2015 Ruling 2015-0601441R3 - XXXXXXXXXX Partnership - winding up -- summary under Subsection 20(24)

Current structure

Sub1 and Sub2 (both taxable Canadian corporations and wholly-owned subsidiaries of Parent) are currently the sole partners of a general partnership (“Partnership”). Partnership’s business generates income under s. 12(1)(a) and Partnership claims a reserve under s. 20(1)(m).

Proposed transactions
  1. Partnership will pay to Sub1 a reasonable amount for undertaking to assume Partnership’s prepaid revenue obligations (by assigning an equivalent amount of the Parent-Partnership Note as payment), and a joint election will be made under s. 20(24).
  2. Sub2 will transfer its interest in Partnership to Sub1 in consideration for Sub1 Preferred Shares and a non-interest bearing promissory note (the “Sub1 Note”), jointly electing under s. 85(1).

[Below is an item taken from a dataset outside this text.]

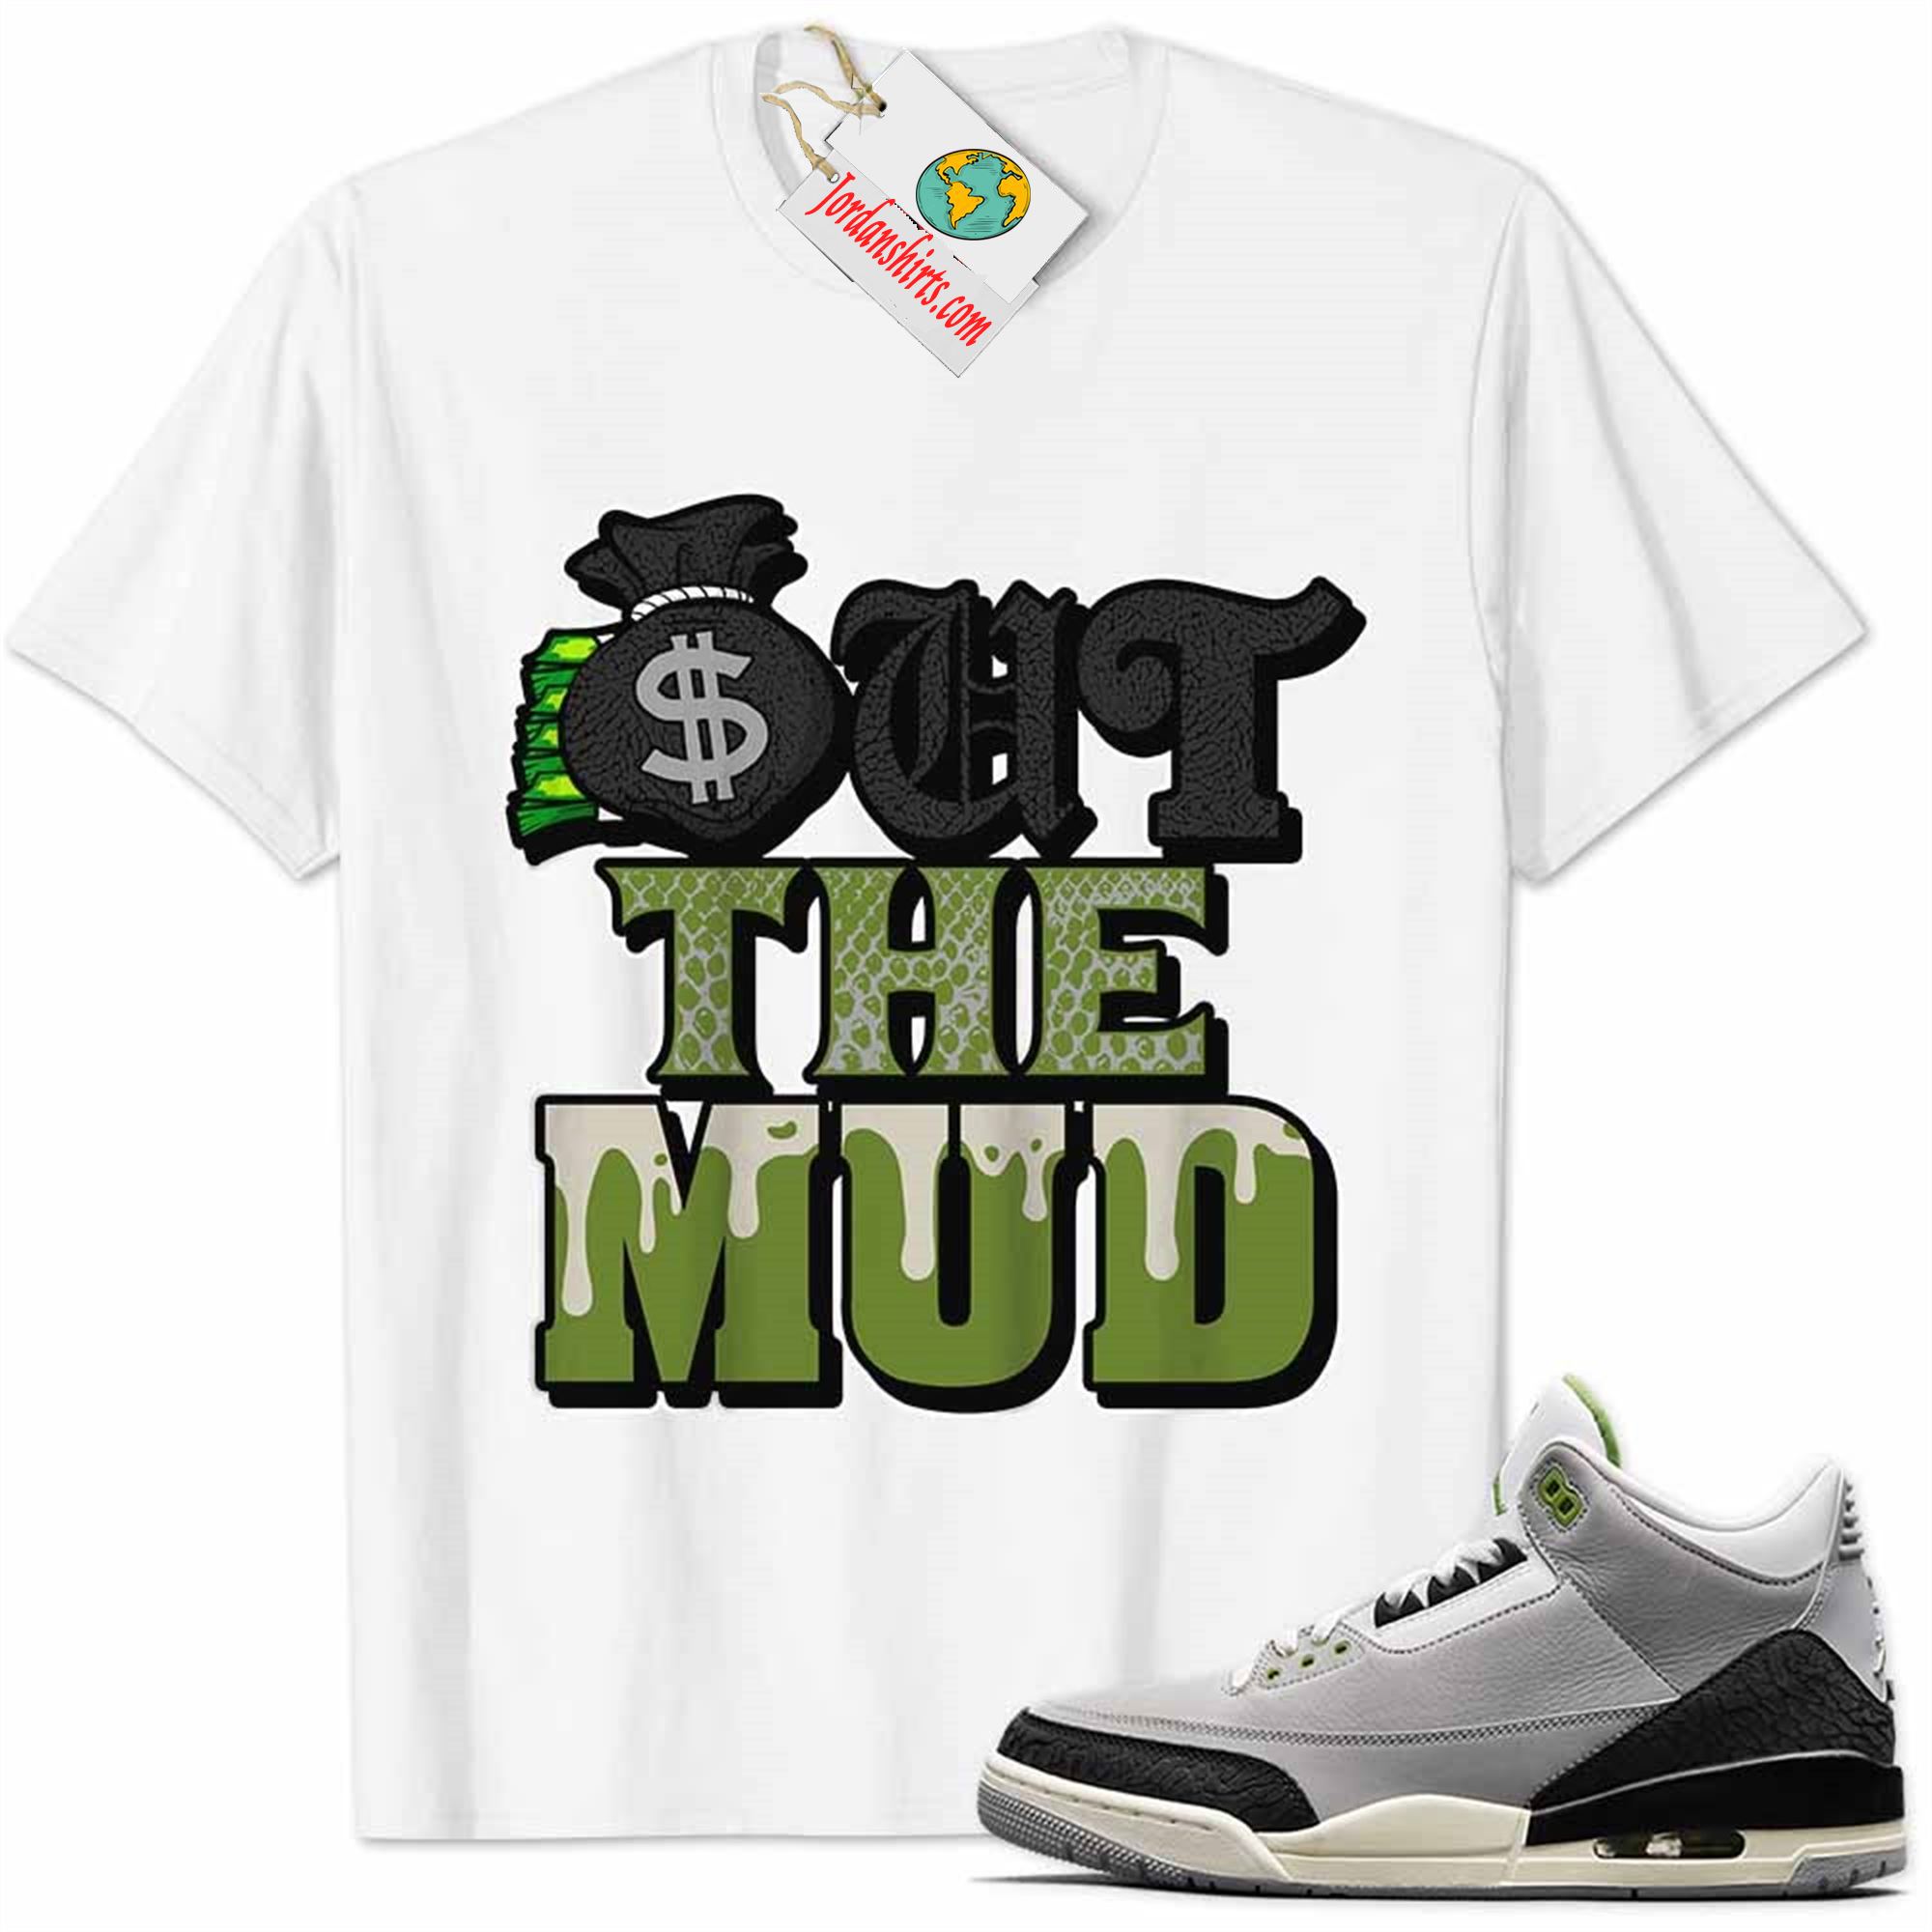 Jordan 3 Shirt, Jordan 3 Chlorophyll Shirt Out The Mud Money Bag White Size Up To 5xl
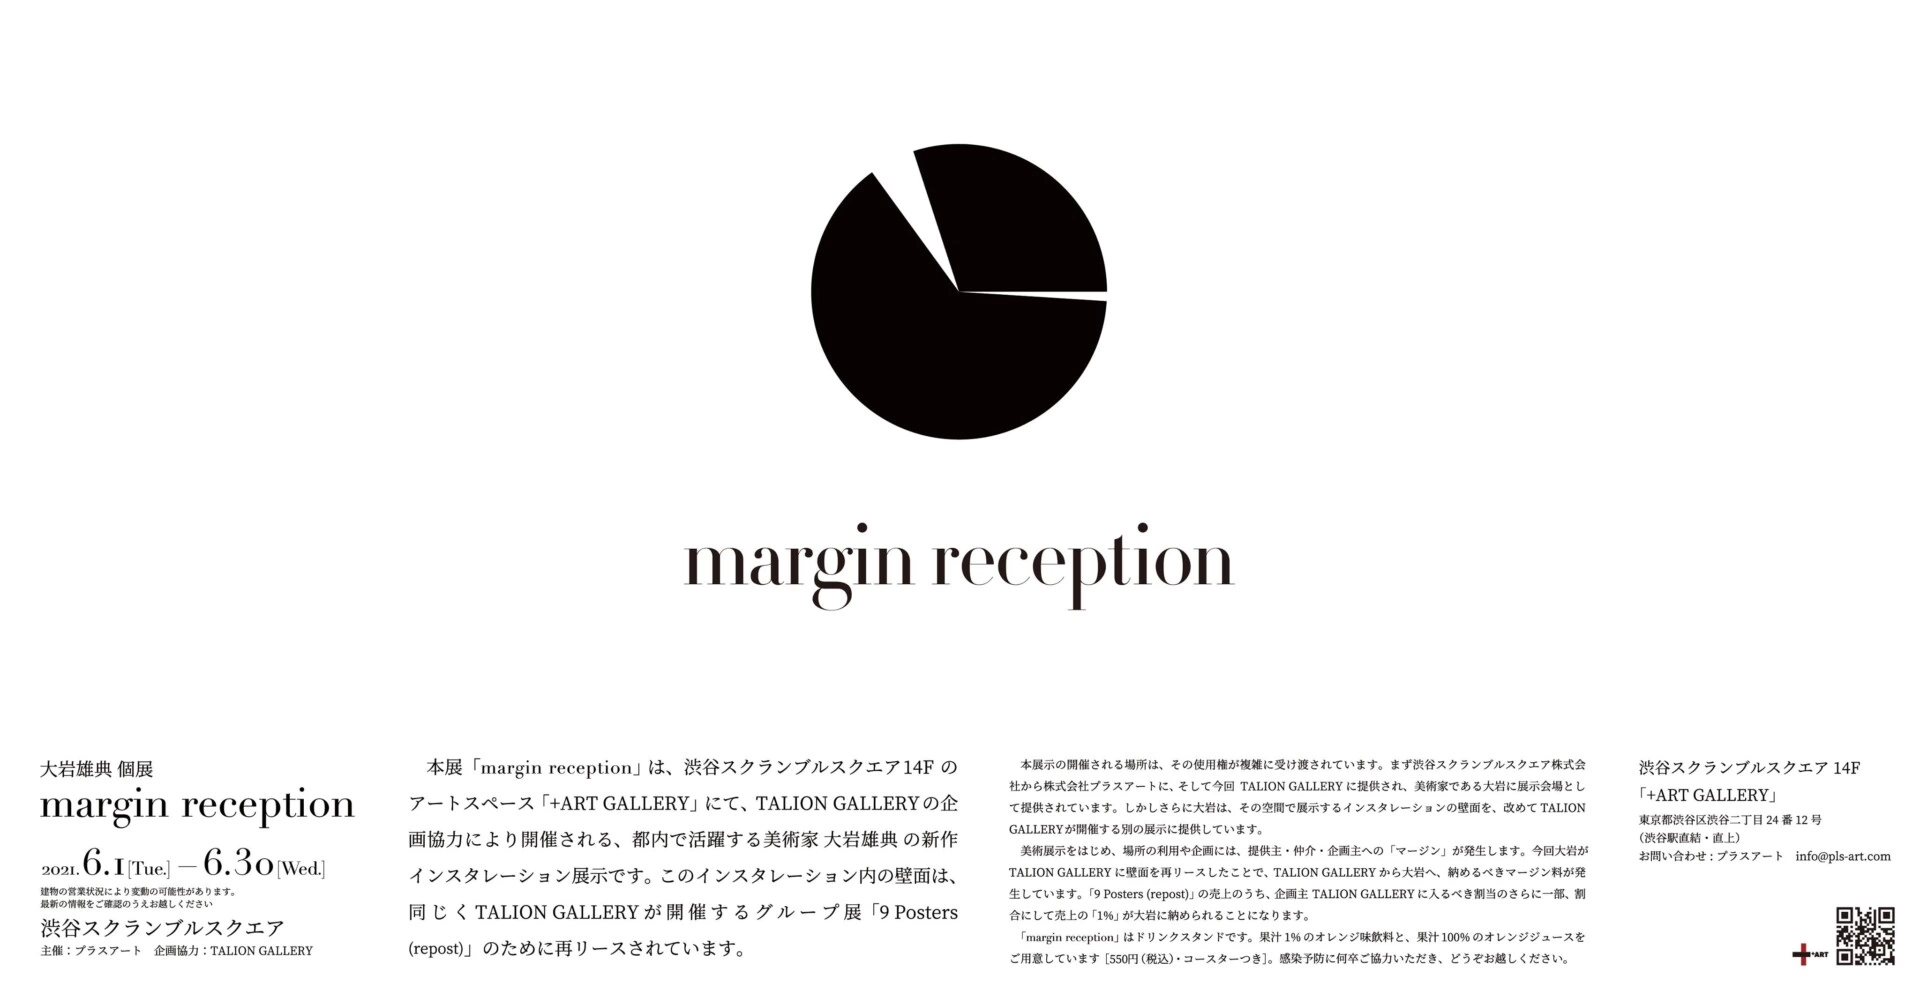 大岩雄典「margin reception」

As a consequence Partnership will cease to exist, Sub1 will become the sole owner of all the Partnership property and Sub1 will become subject to all the remaining obligations of Partnership, and immediately after the time that Partnership ceased to exist, Sub1 will carry on alone the business that was the business of Partnership.
  3. The total income for Partnership’s taxation year ending in the year of wind-up will include (pursuant to s. 12(1)(d) or 12(1)(e)) all amounts in respect of which Partnership will have claimed a reserve pursuant to any of ss. 20(1)(l), 20(1)(m) or 20(1)(n). Partnership’s income for its final fiscal period will be allocated to Sub1 and Sub2 in proportion to their respective interests.
Ruling

The payment made in 1 above may be deducted in computing the income of Partnership pursuant to s. 20(24)(a) and will be deemed to be an amount described in s. 12(1)(a) of Sub1 for its fiscal period in which the payment is received, pursuant to s. 20(24)(b), provided the amount of such payment is reasonable.